Implementation Trick

It looks all good except for one fatal failure. Dynamic programming is useful only when constructing a solution to a problem from the solutions of sub-problems is easy/efficient. In the recursive definition we gave above, for each cell of the table we need to iterate over solutions to many other sub-problems, rendering this approach \(O(N^2 T)\) in terms of time and \(O(N T)\) in terms of space. Where \(N\) is the size of the array and \(T\) is the number of transactions allowed.

Observation: Luckily with an implementation trick we can reduce the time complexity to \(O(N T)\). Below, compare what is needed to compute \(f[i][t]\) and \(f[i+1][t]\) and see if we can simplify computation of \(f[i+1][t]\).

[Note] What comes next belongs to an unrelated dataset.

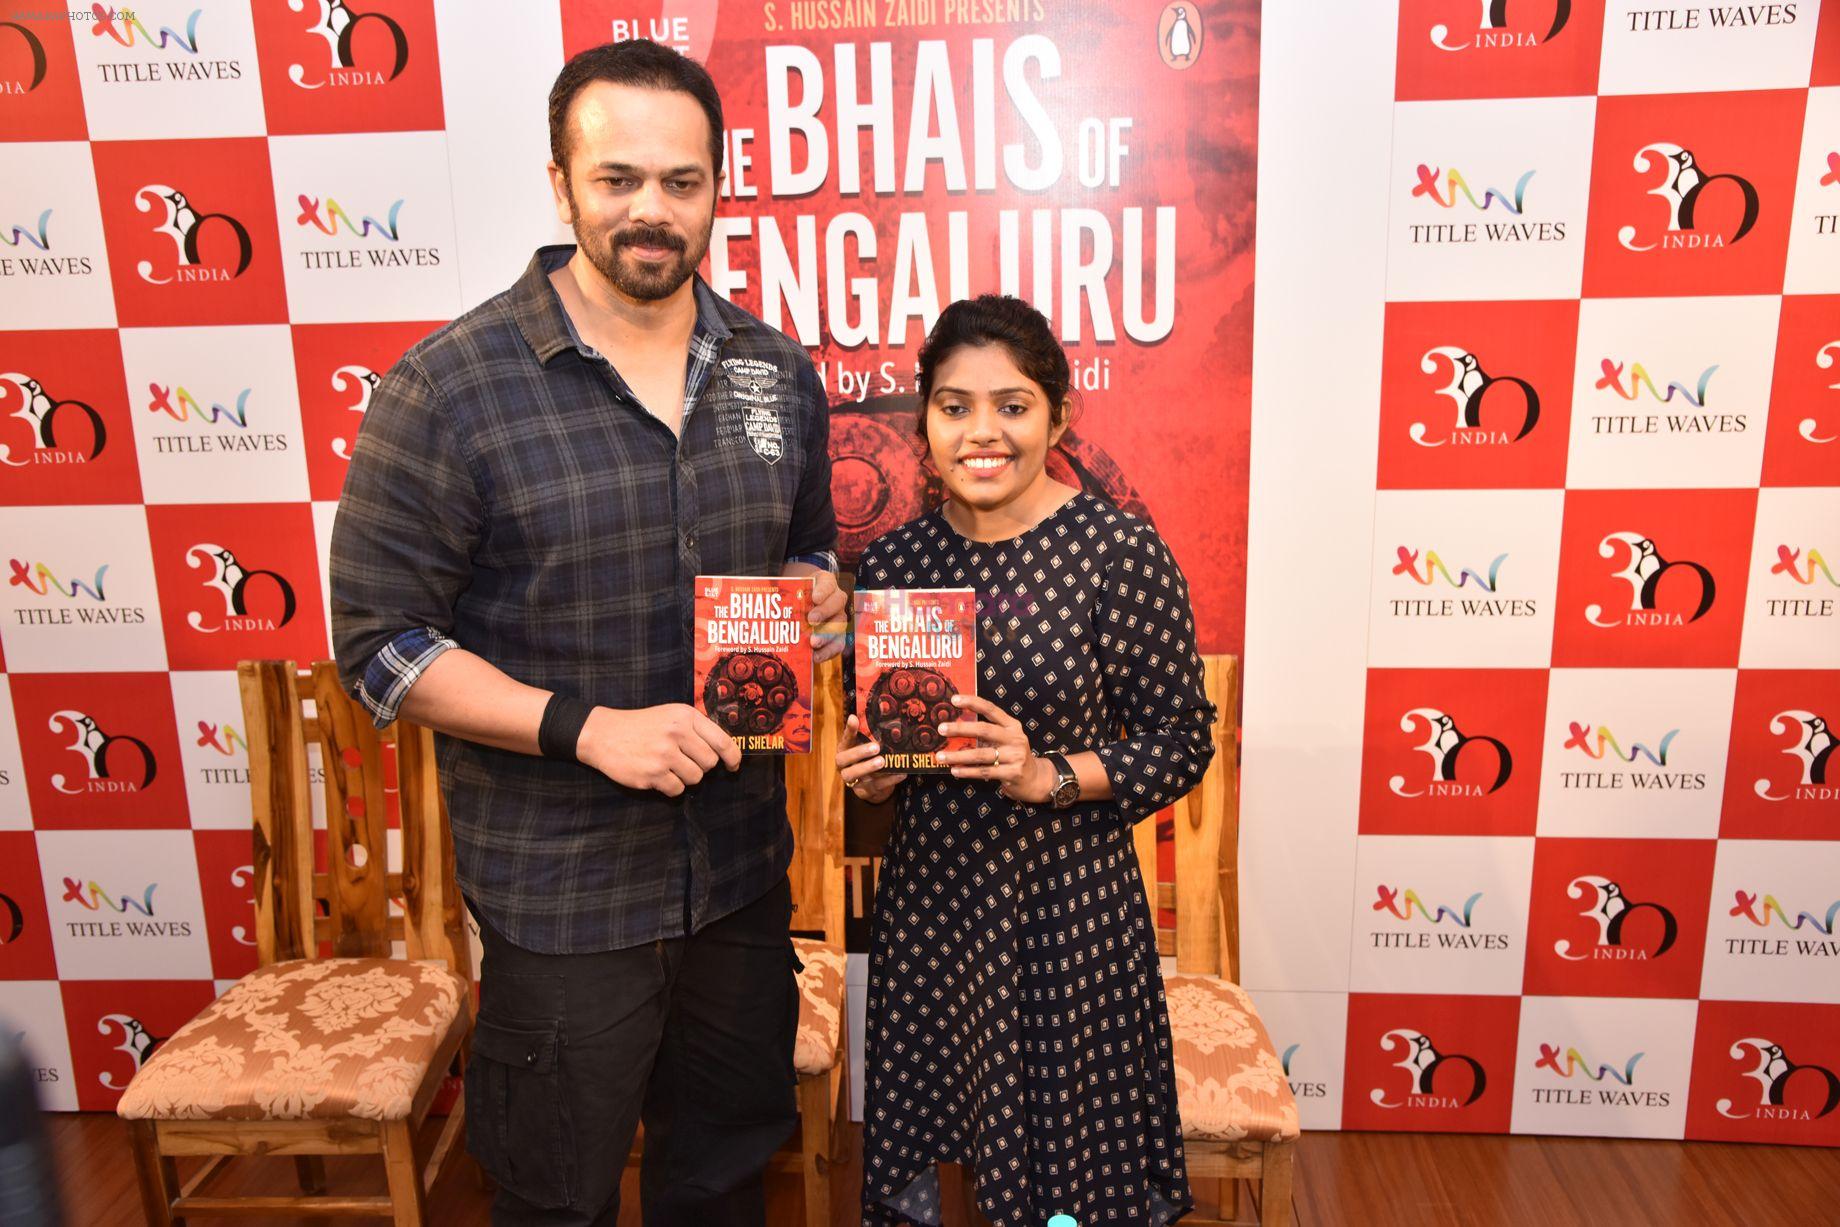 Rohit Shetty at the Book Launch of The Bhais Of Bengaluru on 22nd Dec 2017
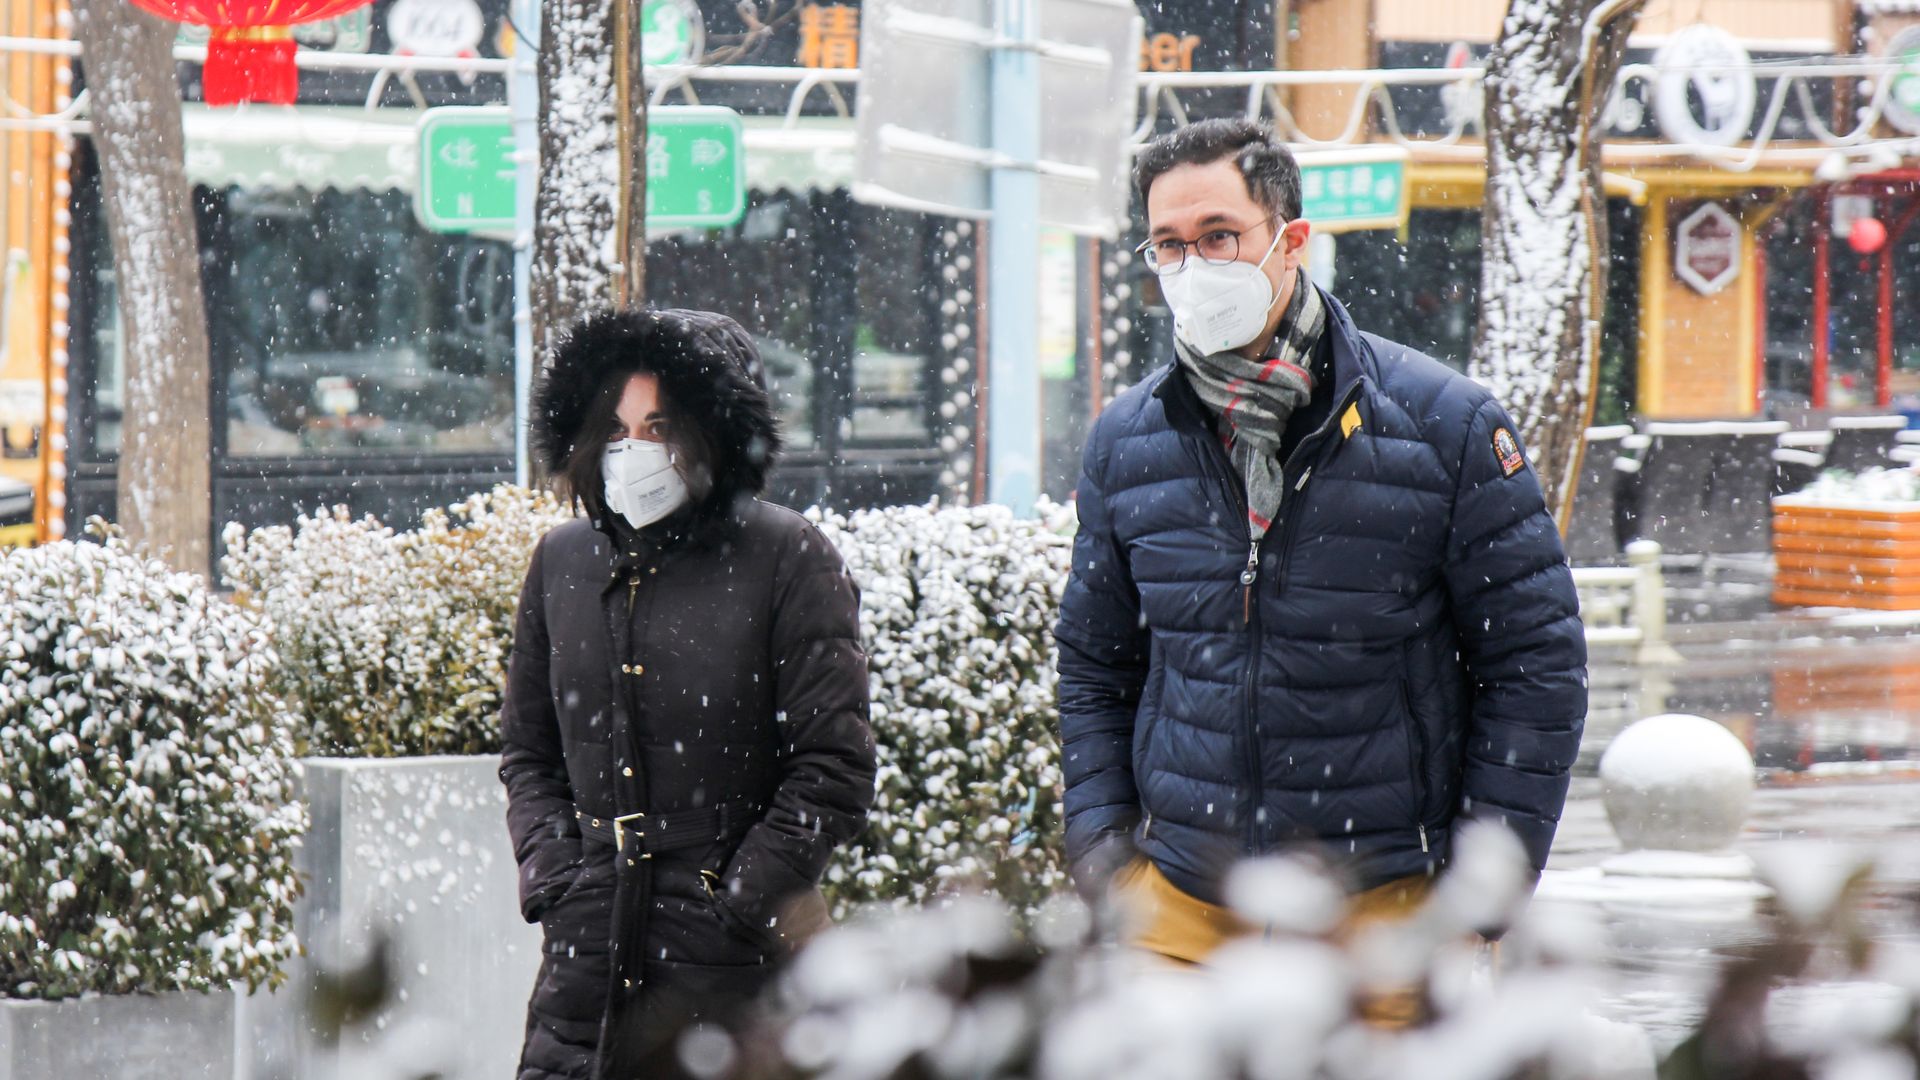 In this image, two people wear face masks while walking down the street in Beijing.

\[\scriptsize f[i][t] = max \left \{ \begin{matrix} f[i-1][t],\\ f[i-1][t-1] + (A[i-1] - A[i-2]),\\ f[i-2][t-1] + (A[i-1] - A[i-3]),\\ f[i-3][t-1] + (A[i-1] - A[i-4]),\\ .\\ .\\ f[1][t-1] + (A[i-1] - A[0])\\ \end{matrix} \right \} \hspace{5mm} f[i+1][t] = max \left \{ \begin{matrix} f[i][t],\\ f[i][t-1] + (A[i] - A[i-1]),\\ f[i-1][t-1] + (A[i] - A[i-2]),\\ f[i-2][t-1] + (A[i] - A[i-3]),\\ .\\ .\\ f[1][t-1] + (A[i] - A[0])\\ \end{matrix} \right \}\]

Noticed a pattern?

\[\scriptsize max \left \{ \begin{matrix} f[i-1][t-1] + (A[i-1] - A[i-2]),\\ f[i-2][t-1] + (A[i-1] - A[i-3]),\\ f[i-3][t-1] + (A[i-1] - A[i-4]),\\ .\\ .\\ f[1][t-1] + (A[i-1] - A[0])\\ \end{matrix} \right \} +(A[i]-A[i-1]) = \left \{ \begin{matrix} f[i-1][t-1] + (A[i] - A[i-2]),\\ f[i-2][t-1] + (A[i] - A[i-3]),\\ f[i-3][t-1] + (A[i] - A[i-4]),\\ .\\ .\\ f[1][t-1] + (A[i] - A[0])\\ \end{matrix} \right \}\]

From the expression above we can draw the following observation:
If we keep track of maximum of last \(i-1\) elements used in the computation of \(f[i][t]\) (let us call it runningMax) then we can construct an answer to \(f[i+1][t]\) in \(O(1)\) by:

  • Converting runningMax by adding (A[i]-A[i-1])
  • Computing max(runningMax, f[i][t], f[i][t-1] + (A[i]-A[i-1])) as the answer
    • The latter two are the first two dependencies needed for the computation of \(f[i+1][t]\)

For the computation of following problems (e.g. \(f[i+2][t]\), \(f[i+3][t]\), …) we also need to keep runningMax updated by doing the following:
runningMax = max(runningMax, f[i][t-1] + (A[i]-A[i-1]))

Implementation

Below is the implementation in C++.

using vint = vector<int>;
using vvint = vector<vint>;

int maxProfit(vint &A, int T){
    if(A.empty()) return 0;
    int N = A.size();
    vvint f(N+1, vint(T+1,0));
    for (int t=1; t<=T; ++t) {
        int runningMax = 0;
        f[1][t] = 0;
        for(int i=1; i<N; i++){
	    int change = A[i]-A[i-1];
            runningMax += change; // convert running max
            runningMax = max(runningMax, f[i][t-1]+change); // update running max
            f[i+1][t] = max(f[i][t], runningMax); // the answer
        }
    }
    return f[N][T];
}

Remarks

This is one of the not very obvious dynamic programming problems and in this particular formulation the implementation trick plays a very important part since otherwise time complexity is simply too expensive.